Data provided:
━━━━━━━━━━━━━━━━━━━━
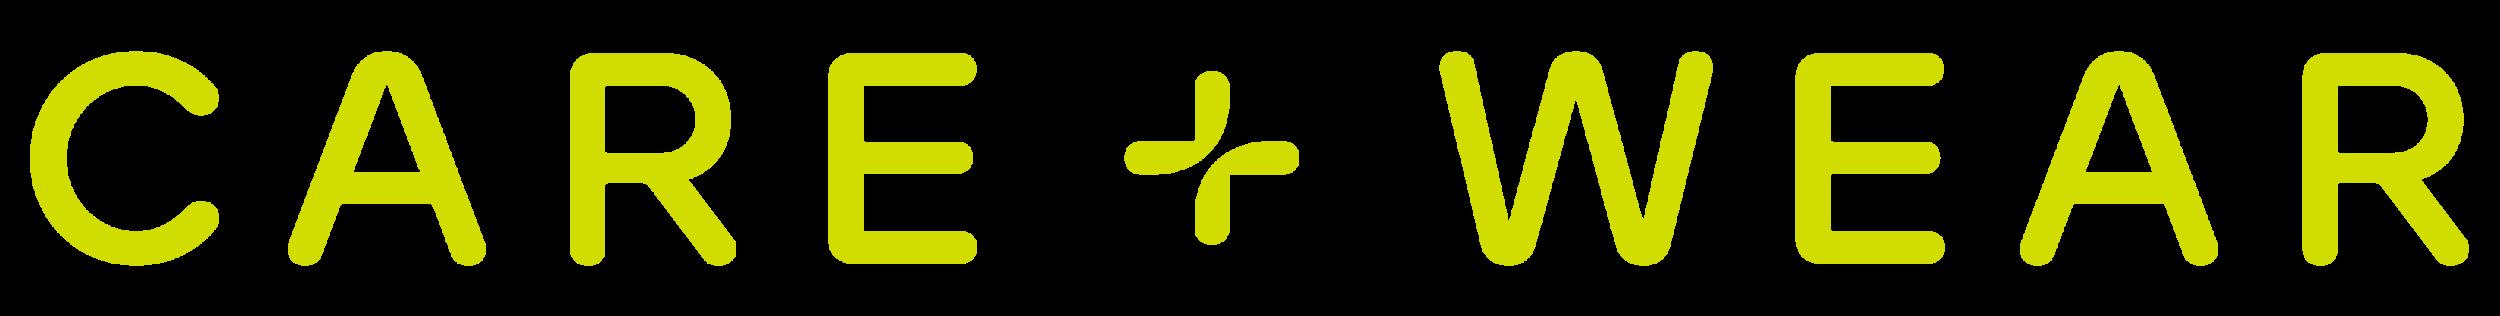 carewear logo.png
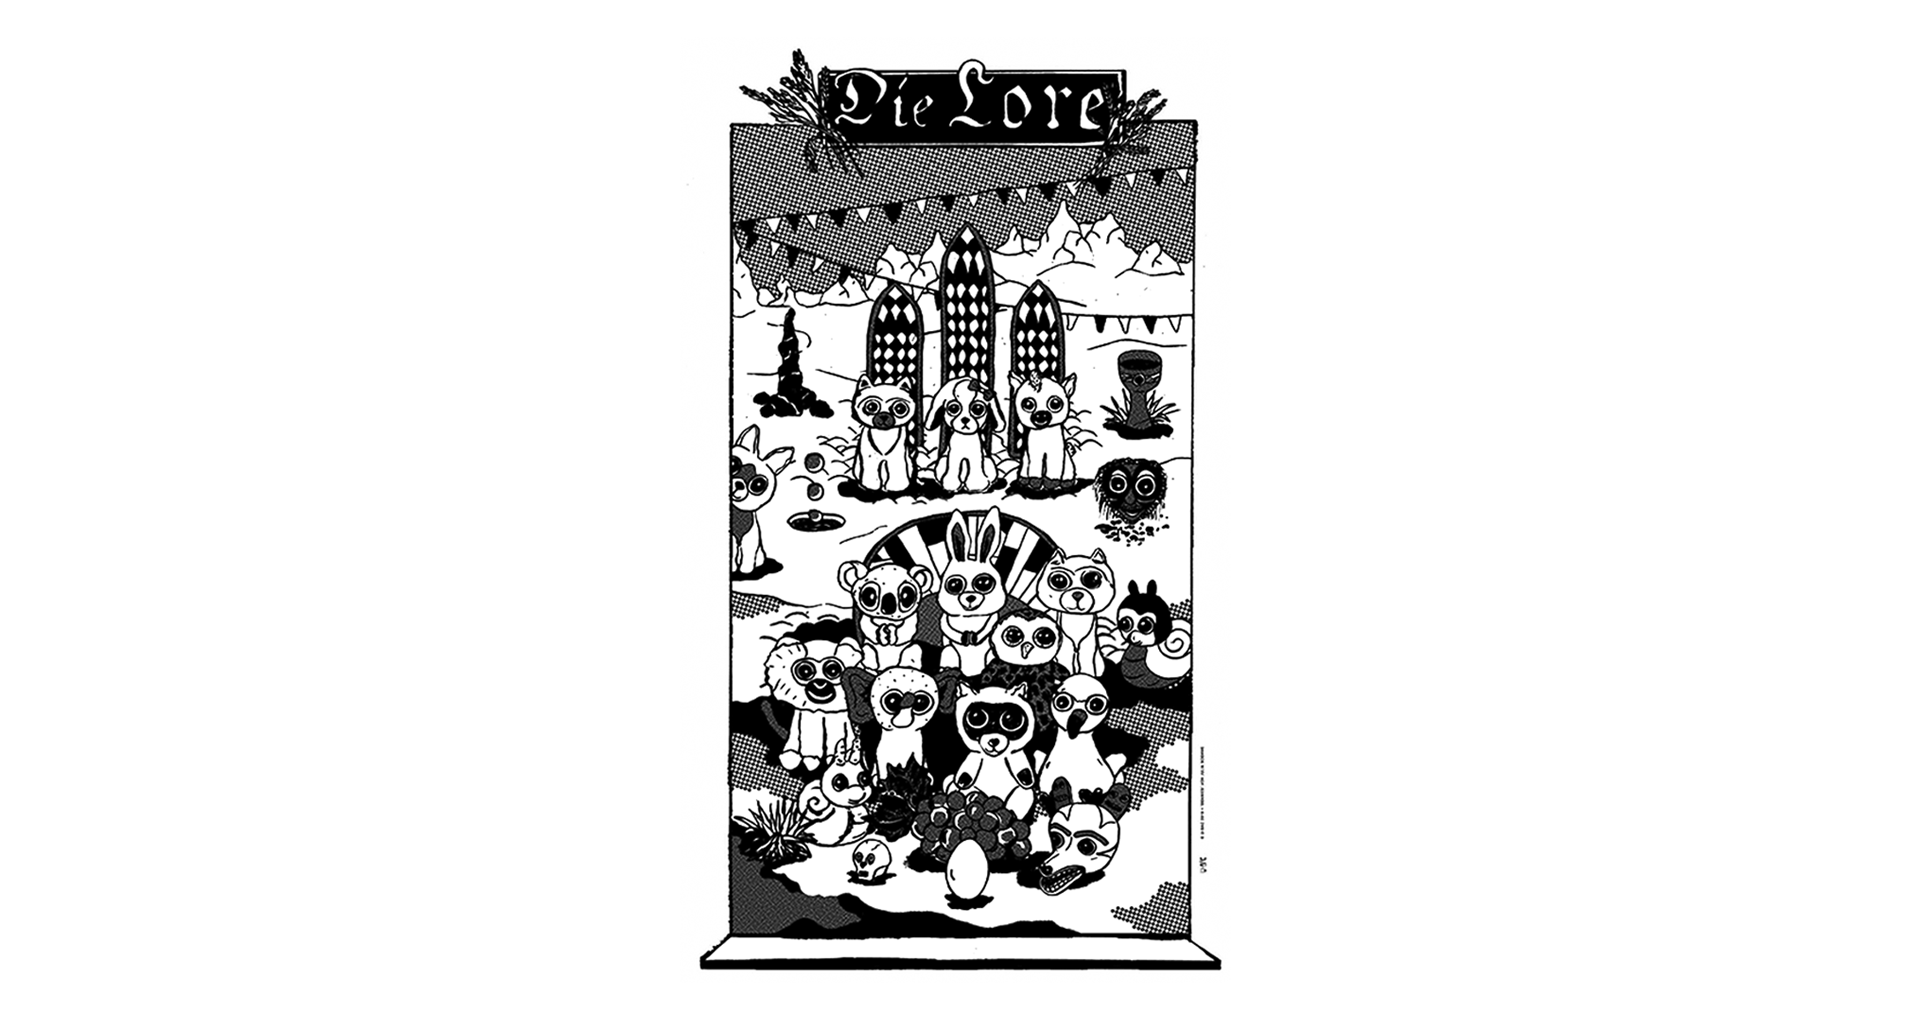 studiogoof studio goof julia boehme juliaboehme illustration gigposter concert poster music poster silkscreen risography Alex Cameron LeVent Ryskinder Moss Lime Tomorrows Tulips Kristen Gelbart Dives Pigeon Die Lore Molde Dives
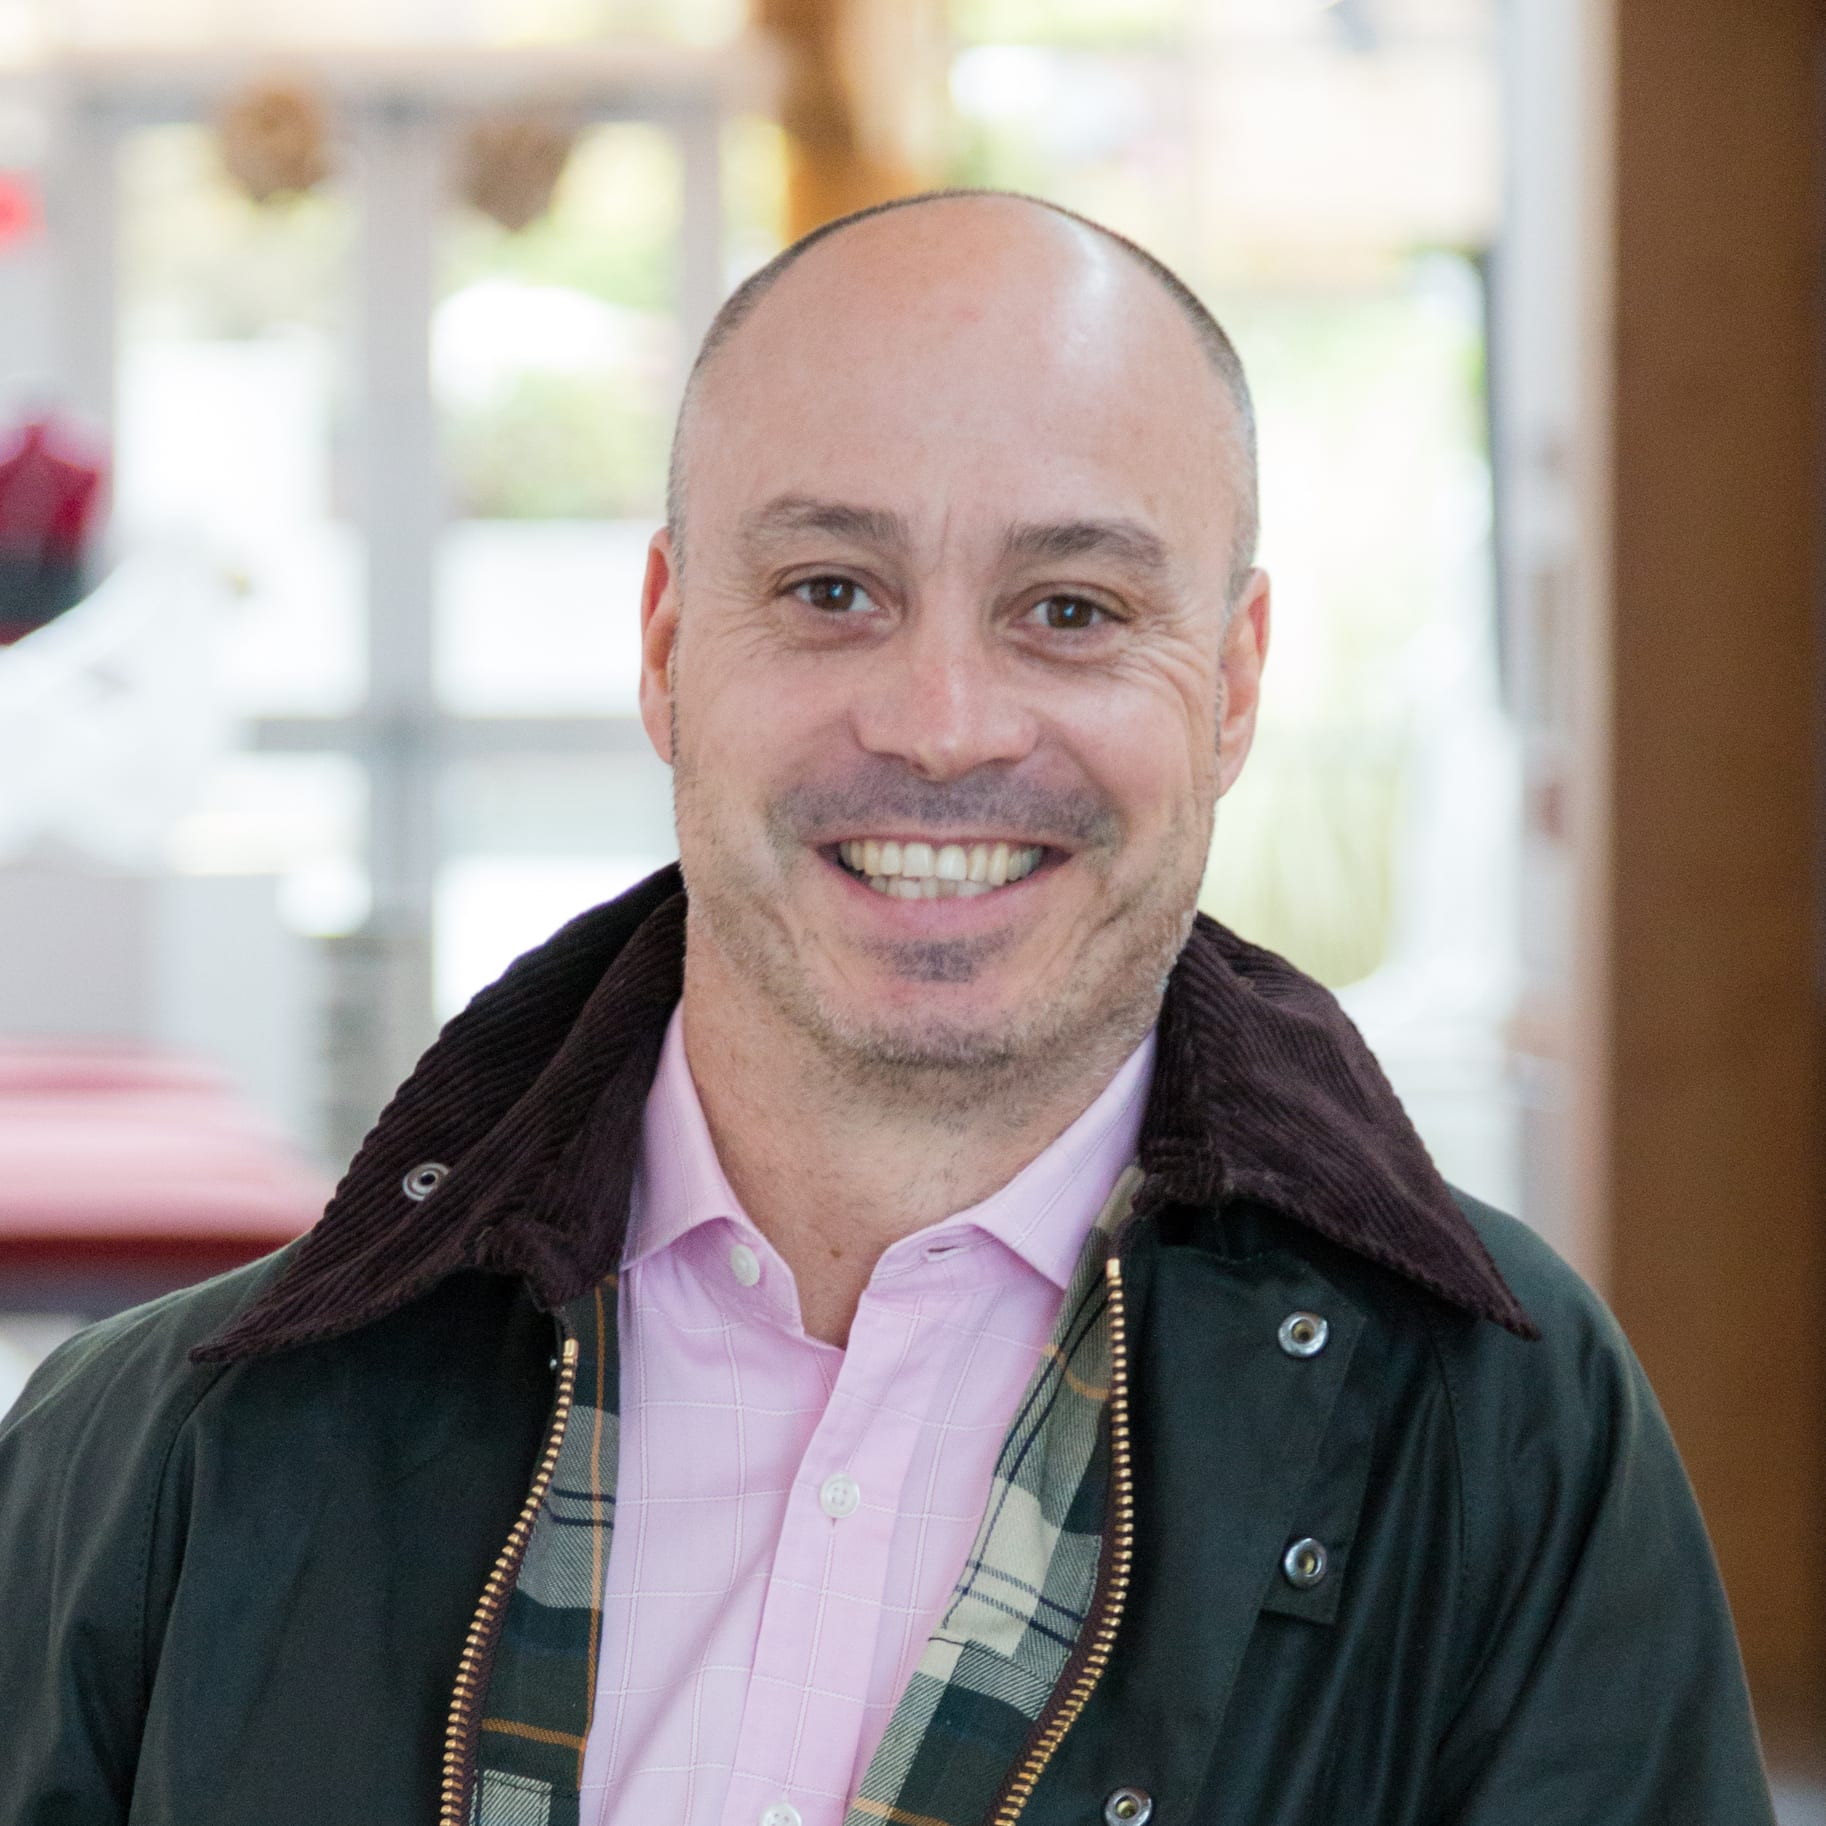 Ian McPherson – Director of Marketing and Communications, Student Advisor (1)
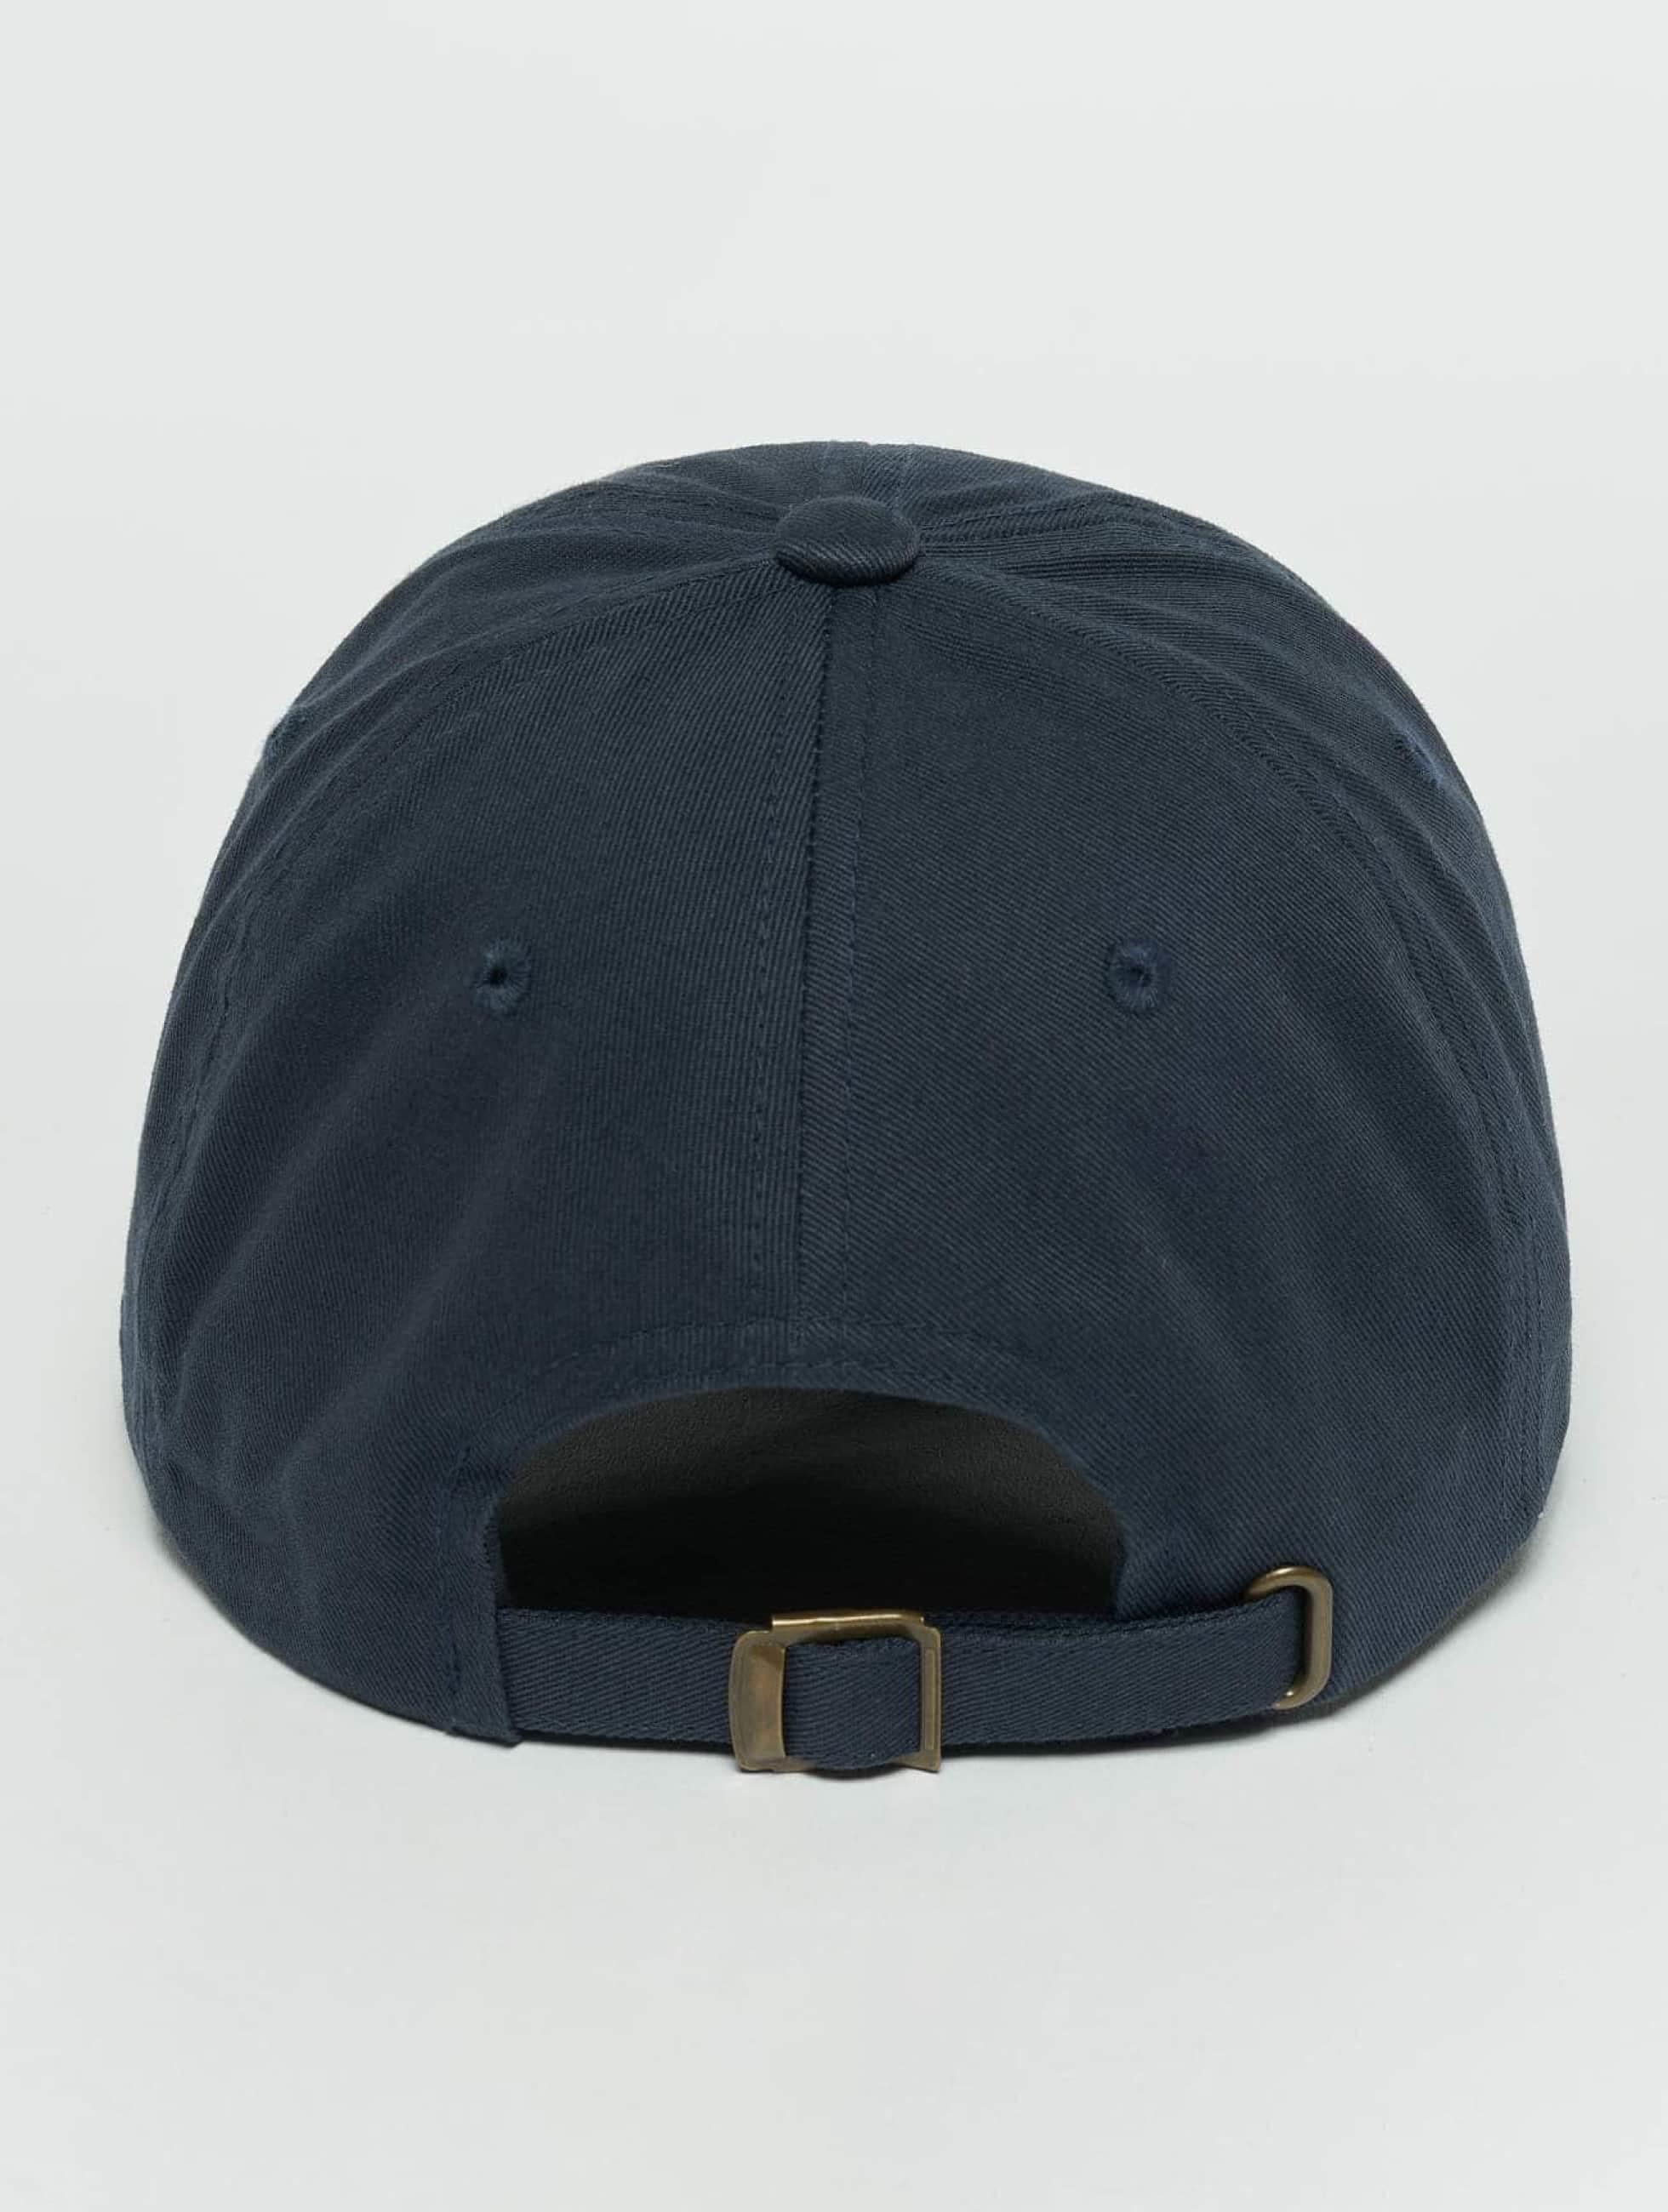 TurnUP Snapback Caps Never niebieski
━━━━━━━━━━━━━━━━━━━━
In your answer, give every line of the listing above exactly, and do not include the images.

The completed task:
 carewear logo.png
 studiogoof studio goof julia boehme juliaboehme illustration gigposter concert poster music poster silkscreen risography Alex Cameron LeVent Ryskinder Moss Lime Tomorrows Tulips Kristen Gelbart Dives Pigeon Die Lore Molde Dives
 Ian McPherson – Director of Marketing and Communications, Student Advisor (1)
 TurnUP Snapback Caps Never niebieski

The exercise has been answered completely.